By Dan Schwartz
Each semester I ask my college students, “How many great teachers did you have?” and “How many good teachers did you have?”
The responses I get are usually disheartening by any measure.
“Two.” “Three.” “Five.” “Two.” “Four.” …
I was blessed with many good instructors and evidently more than my share of great ones. It wasn’t until graduate school that I met the one who was arguably the best of them all. I took a three-hour-long curriculum course at the University at Buffalo on Monday nights. Fortunately, it was taught by the most inspiring, encouraging and helpful professor of my matriculation.
I used to rise at 5 a.m. to drive out to a rural district to teach and then drive back to Amherst to take graduate courses until 10 or 11 at night. I never fell asleep once in Connie’s class. The lectures and discussions were so interesting, exciting and relevant, I couldn’t wait to get back to my classes on Tuesday morning.
Connie had all these great narratives to illustrate points in his lessons.

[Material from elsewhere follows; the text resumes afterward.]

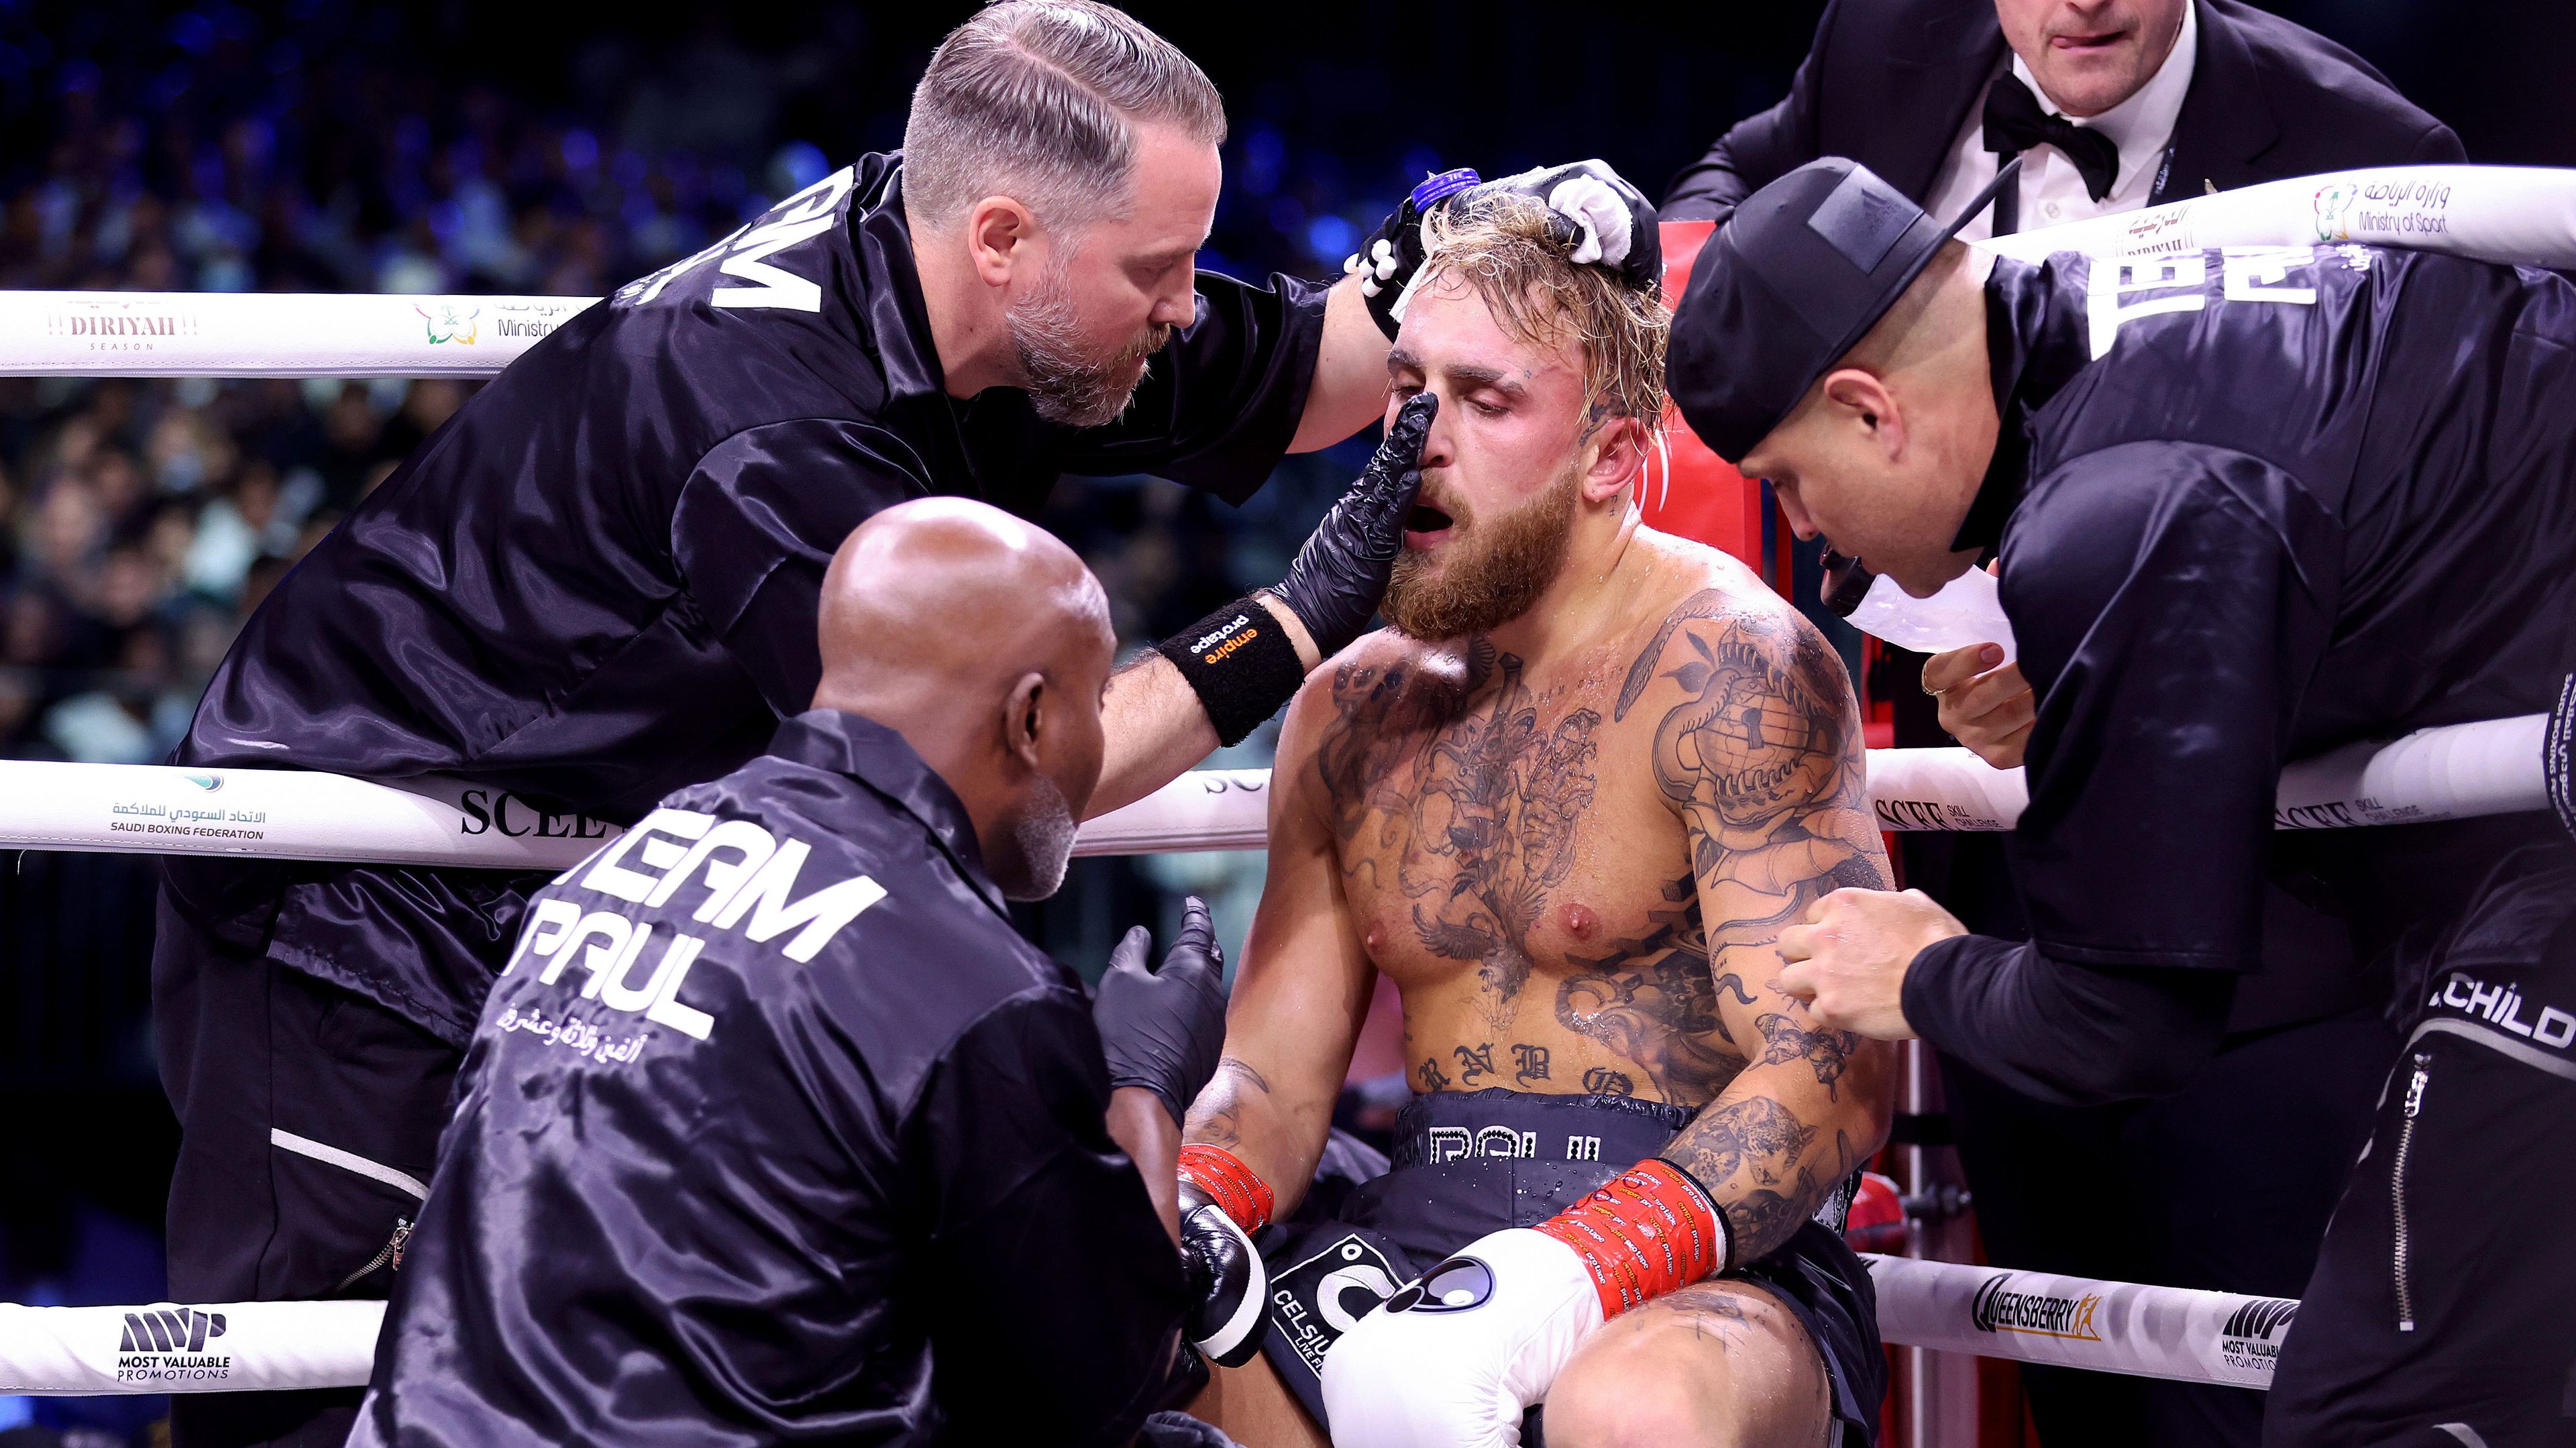 Jake Paul receives medical treatment during his cruiserweight title fight against Tommy Fury.

He went so far as to tell us there was “no such thing as teaching, only learning” – and learn we did.
His father had been the concertmaster of the Buffalo Philharmonic Orchestra. Victor Herbert and Ferde Grofe were friends of the family and house guests. Connie played the violin and excelled on the string bass. Besides playing classical music, he was smitten by the jazz bug, and he was also the house bass player of Buffalo’s first folk club, the Limelighter. He backed some amazing musicians, including the great jazz pianist George Shearing. He also played in a jazz band of other UB professors that included among others, arguably the second or third greatest novelist ever to reside in Buffalo, John Barth, on drums.
When he had to join a union, instead of joining the discriminatory white jazz union, he joined the Colored Musicians Union and played at the Colored Musicians Club, where he accompanied many of the greatest musicians of the 20th century.

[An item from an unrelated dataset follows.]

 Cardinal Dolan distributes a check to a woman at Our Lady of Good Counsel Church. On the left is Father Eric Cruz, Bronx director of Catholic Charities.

Connie excelled in the legendary UB English department and pitched for the UB baseball team. He also taught for many years at Cleveland Hill High School. He recently sent me a photo he found of himself and three of his high school students intently listening to Don Larsen’s perfect World Series game in his classroom.

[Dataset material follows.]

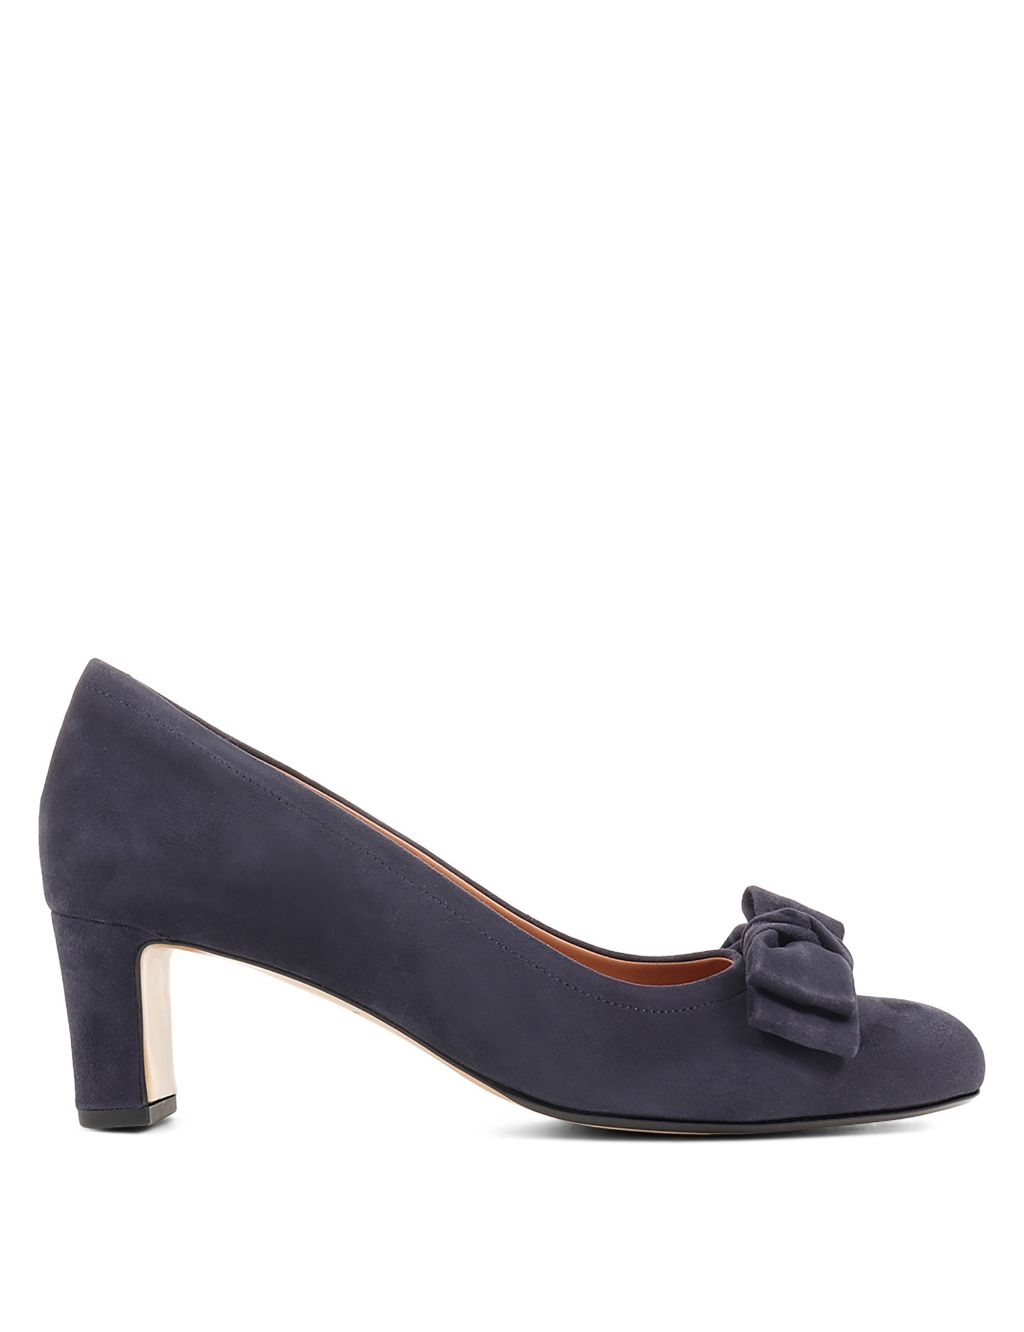 Suede Bow Block Heel Court Shoes image 5

Perhaps what Connie is most known for is being one of the five fathers of the middle school movement in America. Long ago, Connie determined middle school students are not little or younger high schoolers. They needed to be instructed in a different manner. It was Connie who toured the country presenting this idea that soon became the accepted approach to secondary curricula.
Largely, as a result, he became the first inductee in the New York State Educator’s Hall of Fame. There was no permanent Hall at the time, and when asked where he wanted his plaque to be placed, he told the commissioner of education at the time (not one of Connie’s favorite people) and those assembled at the honors dinner, “Between your office and the men’s room so you have to see my face every time you have to go.”
In his youth, Dr. Conrad Toepfer Jr. once boxed light heavyweight champion Archie Moore. Moore knocked him out cold. When Connie came to, a concerned Moore asked him, “Is there anything else you can do? Connie related he was going to graduate school. A relieved Archie said, “Good! You do that.”
Connie did that, and he has taught so many of us, and indirectly, so many of our students, too.
Dan Schwartz, J.D., Ph.D., teaches business law and business communication at SUNY Buffalo State.